# 670 Heads



## zzomby (Aug 23, 2009)

Can I rebuild my 670 heads and bolt them on my 1965 389, or does the valve size not allow me to?:confused


----------



## Instg8ter (Sep 28, 2010)

compression ratio will be a little high for pump gas on the 389


----------



## zzomby (Aug 23, 2009)

So I am better off with the $2000.00 aluminum KRE heads I was looking at. Is that the only problem with the install? The size of the valves won't effect anything.


----------



## pontiac (Mar 6, 2011)

valves are not the issue. Compression is.


----------



## zzomby (Aug 23, 2009)

Thank you very much. Unless I can make my own fuel I guess I will sell the 670's


----------



## Chris-Austria (Dec 23, 2010)

I drive with 670 heads on my 428. Until now no problems and I can't hear detonation. Also the spark plugs look very good, so I guess it can be driven on a 389 as well if you use the best gas available as I do in Austria (100 octane).


----------



## Instg8ter (Sep 28, 2010)

they will work better on 428-455 with the bigger bores or you could stroke the 389 but thats gonna be more expensive than buying the Alum heads.


----------



## BearGFR (Aug 25, 2008)

zzomby said:


> Thank you very much. Unless I can make my own fuel I guess I will sell the 670's


Hang on there zzomby, don't make any hasty decisions until you do a little more research. As far as physical installation of the 670's on your 389 there are two issues you might run into. 

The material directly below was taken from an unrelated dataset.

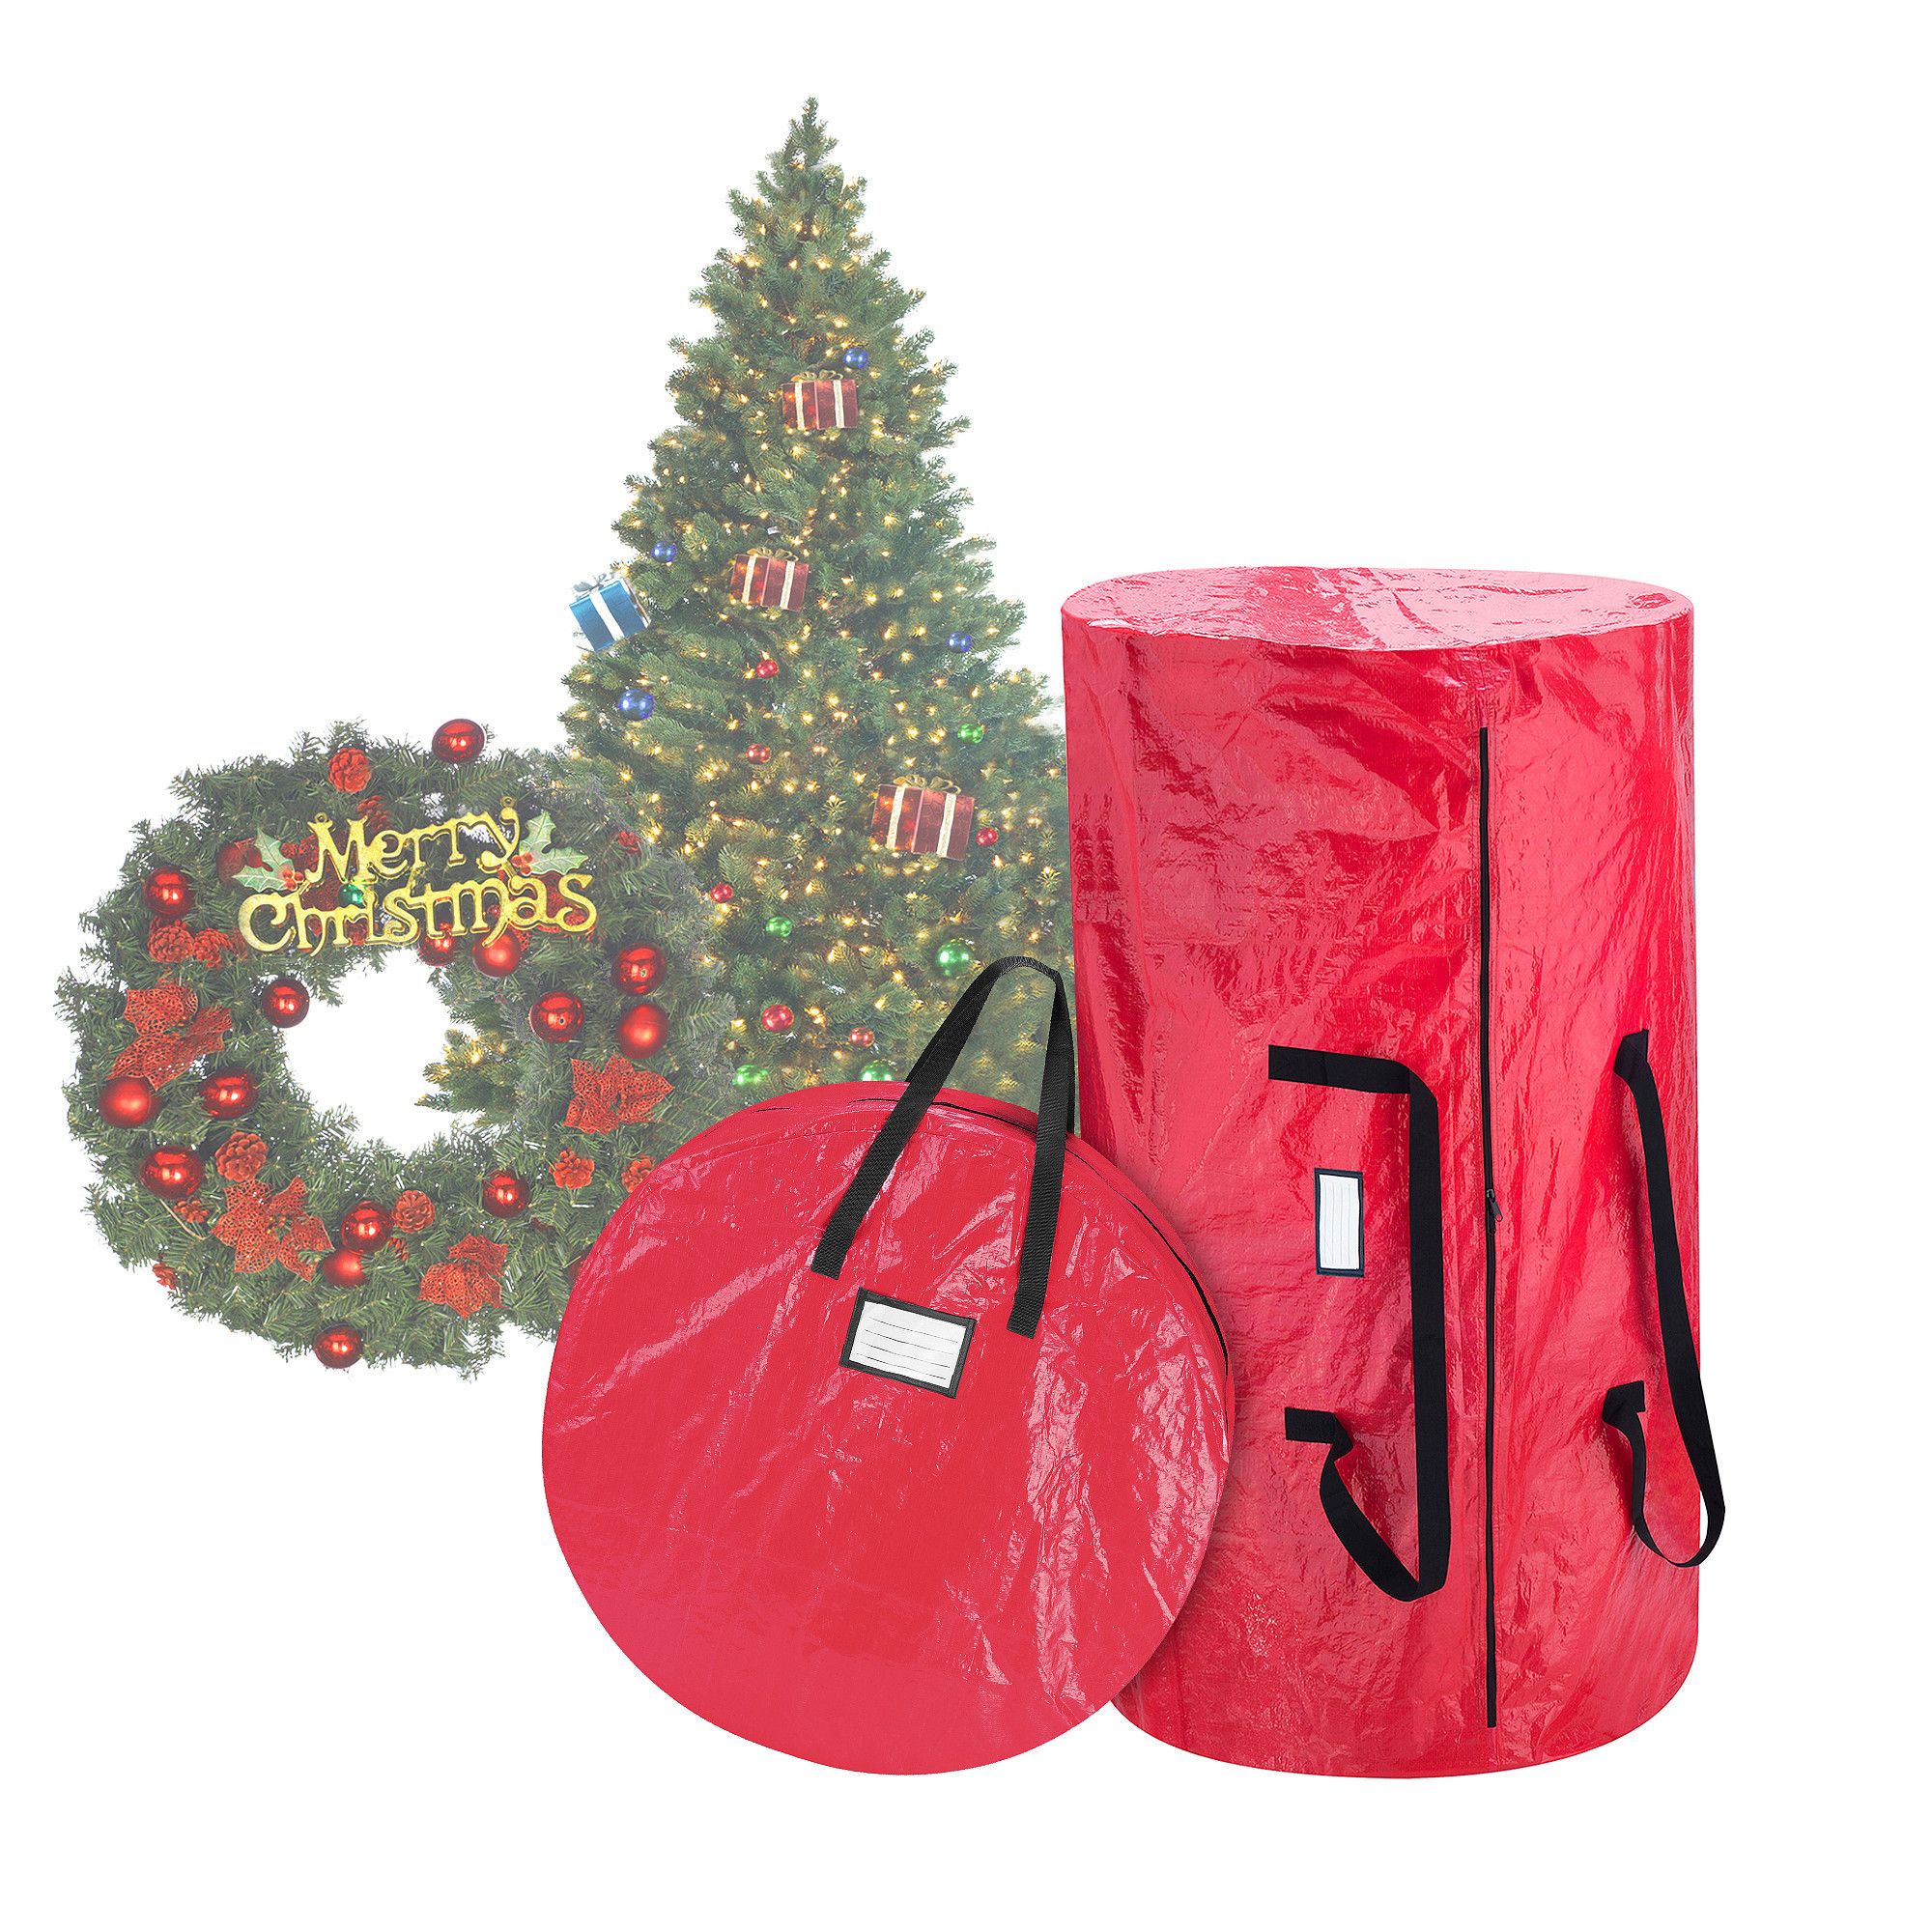 Christmas Tree Cover For Storage
 Elf Stor Deluxe Christmas Tree Storage Bag and Canvas

* One is that "at some point" (I forget when exactly) Pontiac changed the inclination angle of the valves slightly. That means the location and shape of the valve relief pockets in the piston tops might not line up correctly with the valves. There are some "Frankenstein looking" aftermarket pistons out there that actually have valve relief's in the for both angles (two complete sets of reliefs in each piston) but they aren't good for a performance build. 

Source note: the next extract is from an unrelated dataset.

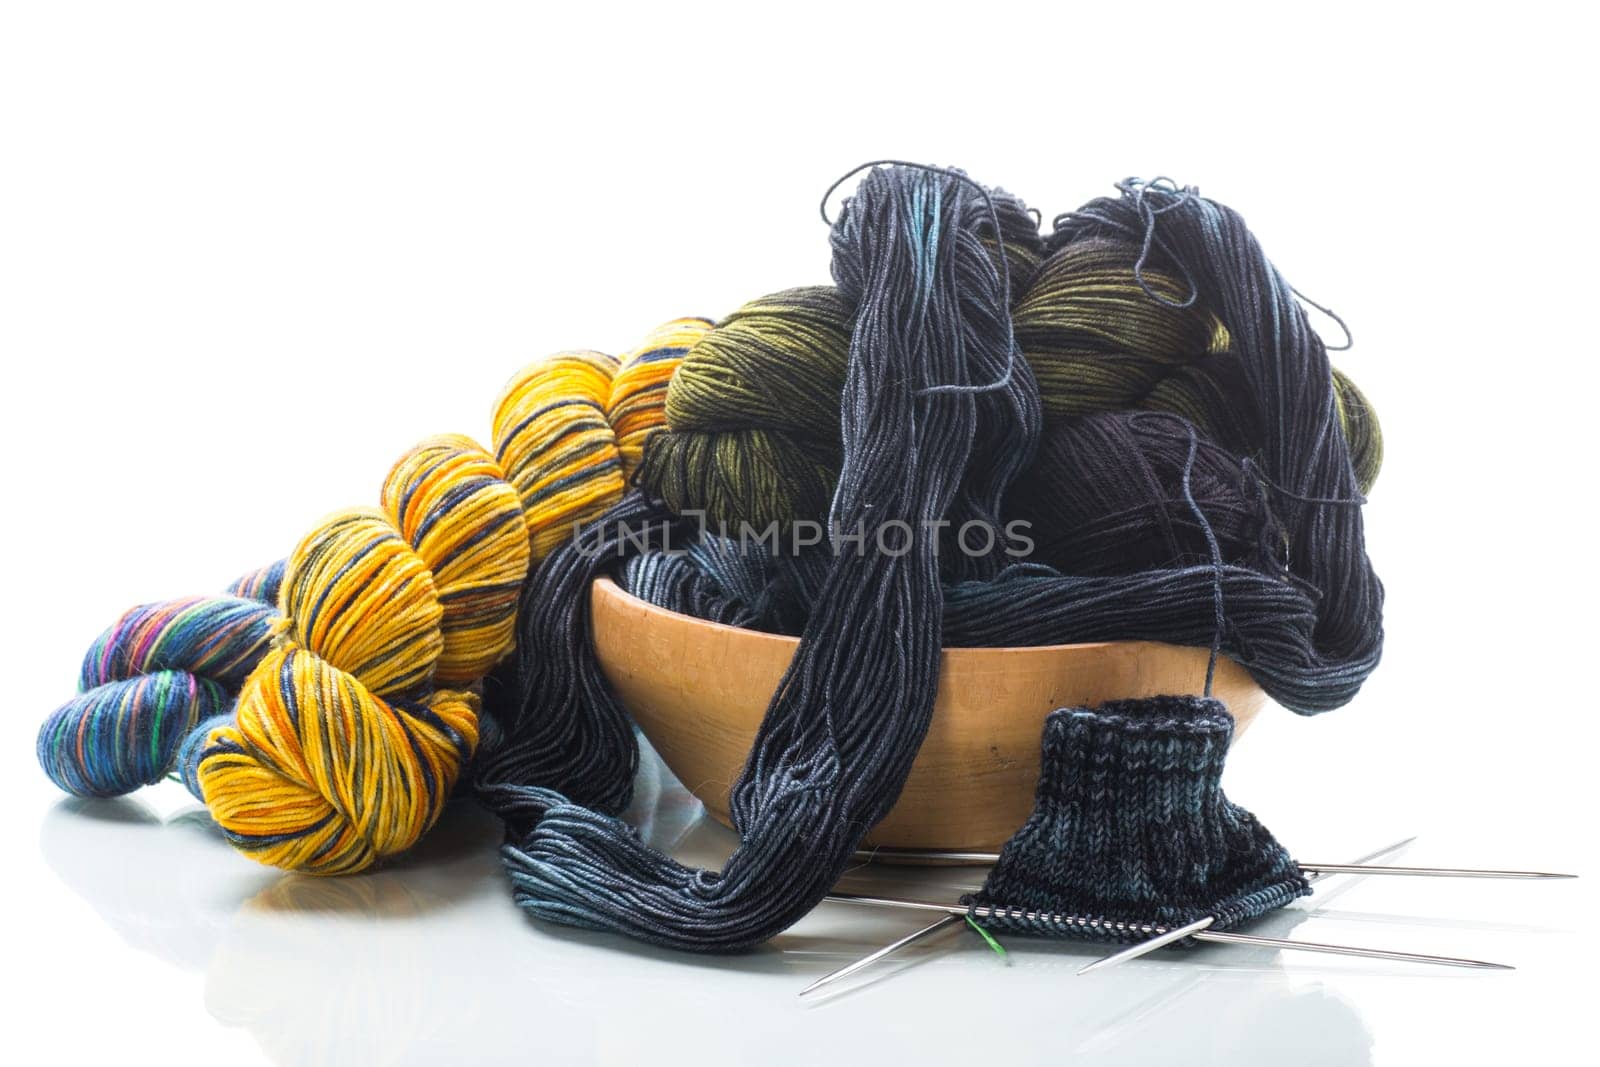 Colored threads, knitting needles and other items for hand knitting, isolated on a white background.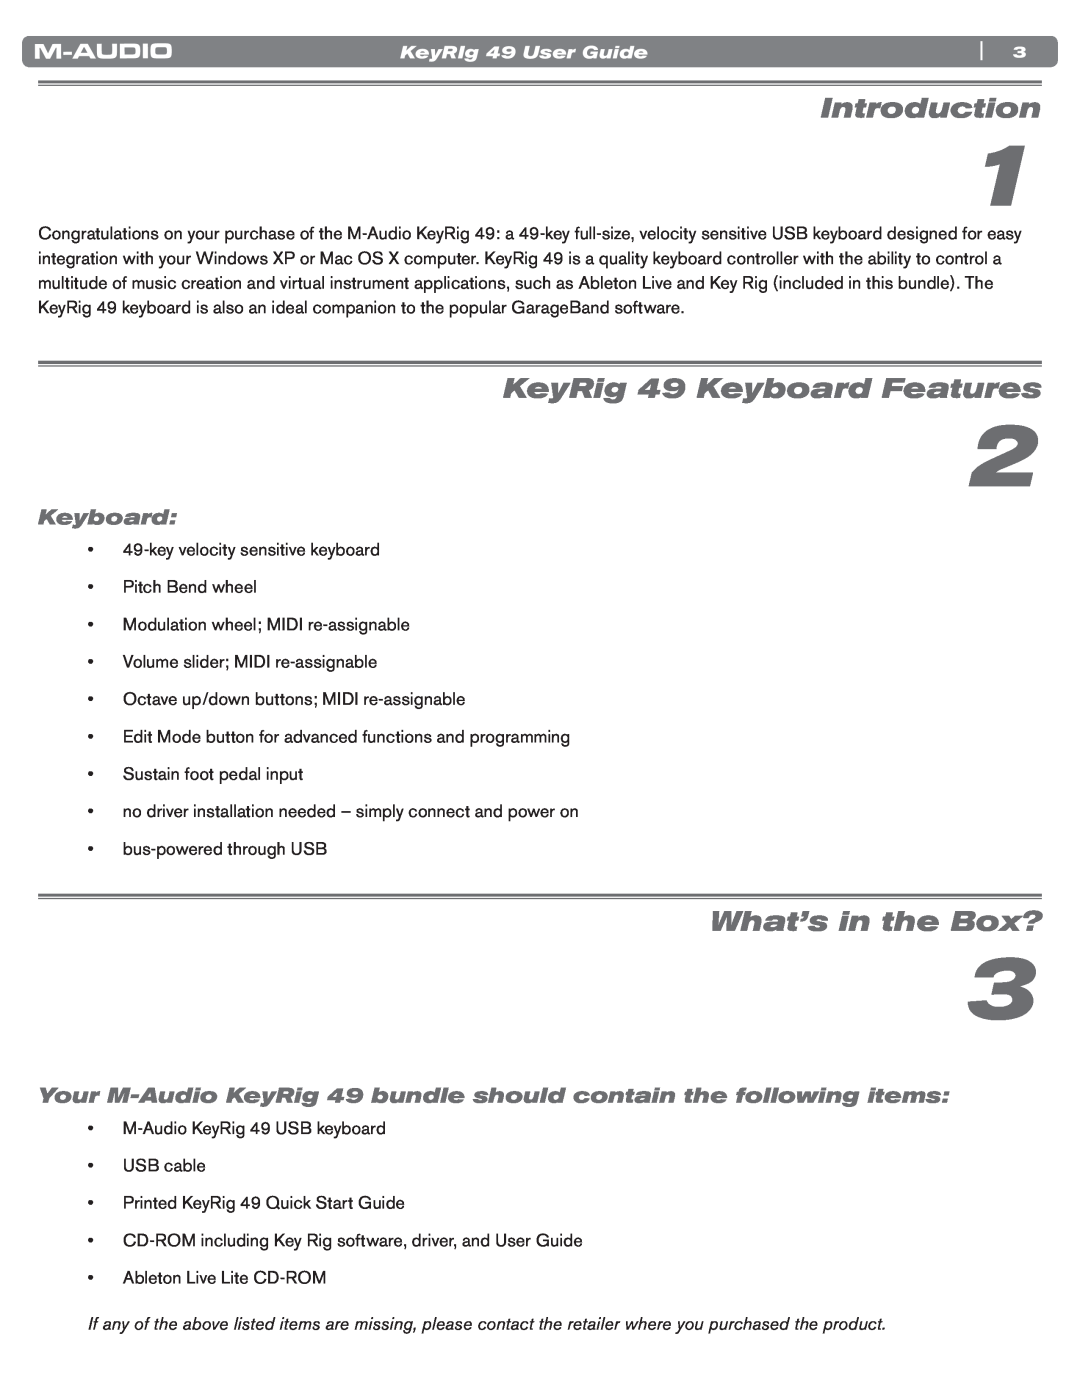 M-Audio manual Introduction, KeyRig 49 Keyboard Features, What’s in the Box?, KeyRIg 49 User Guide

* Two is that the valve clearance notches in the tops of the cylinder bores might not be right for the 670's.

Both those problems are (relatively) easy to solve though and not a reason to toss the heads.

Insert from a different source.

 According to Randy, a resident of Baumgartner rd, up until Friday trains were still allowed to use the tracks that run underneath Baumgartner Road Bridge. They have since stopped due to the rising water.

As far as compression, yes you need to be careful there but in general putting "small chamber" 72 cc heads on a smaller displacement engine results in less compression, not more. (Compression goes up when displacement goes up, head chamber volume remaining constant). 

What you'd need to do would be to get actual measurements for your engine including bore, stroke, piston deck clearance, and compressed head gasket thickness then calculate where you'd be on compression with the 670's. You want to measure the chamber volume on them too so you'll know what they really are. Standard dimensions for a 389 are 4.06250 bore by 3.750 stroke but if yours has been overbored by a previous rebuild that will figure into the calculations.

(I'd run the calculations for you through my spreadsheet using "normal" dimensions but I'm away from home right now and don't have it with me.)

Larger valves are a good thing.

Specific to the 670 heads beside the fact that they've got the big valves and screw-in rocker studs, is that they're the last "closed chamber" performance head Pontiac made. They are very popular with some engine guys, but personally I've never quite understood why. They do flow well for D-port heads, but those closed chambers hurt combustion efficiency meaning that they need more ignition advance to be "happy" than an open chamber head does. More advance means more opportunity for "negative work" in the cylinder -- you're building combustion pressure before piston TDC and that's working against making power. That closed chamber though means they've got a huge quench pad area and that does tend to promote lots of turbulence in the mixture and that's a very good thing for helping to avoid detonation. 

Compression ratio and related topics tends to polarize people into two camps. Those who tend to push compression ratio right to the razor's edge and those who shy away from doing that. Both sides have some very good arguments and some folks on both sides are very successfuly at building engines that live and also make significant power. I tend to be cautious with it myself, but I also try to be objective and sort through the 'chatter' to understand the truth underneath it all.

There's more than one way to build a Pontiac that makes power.

Bear


----------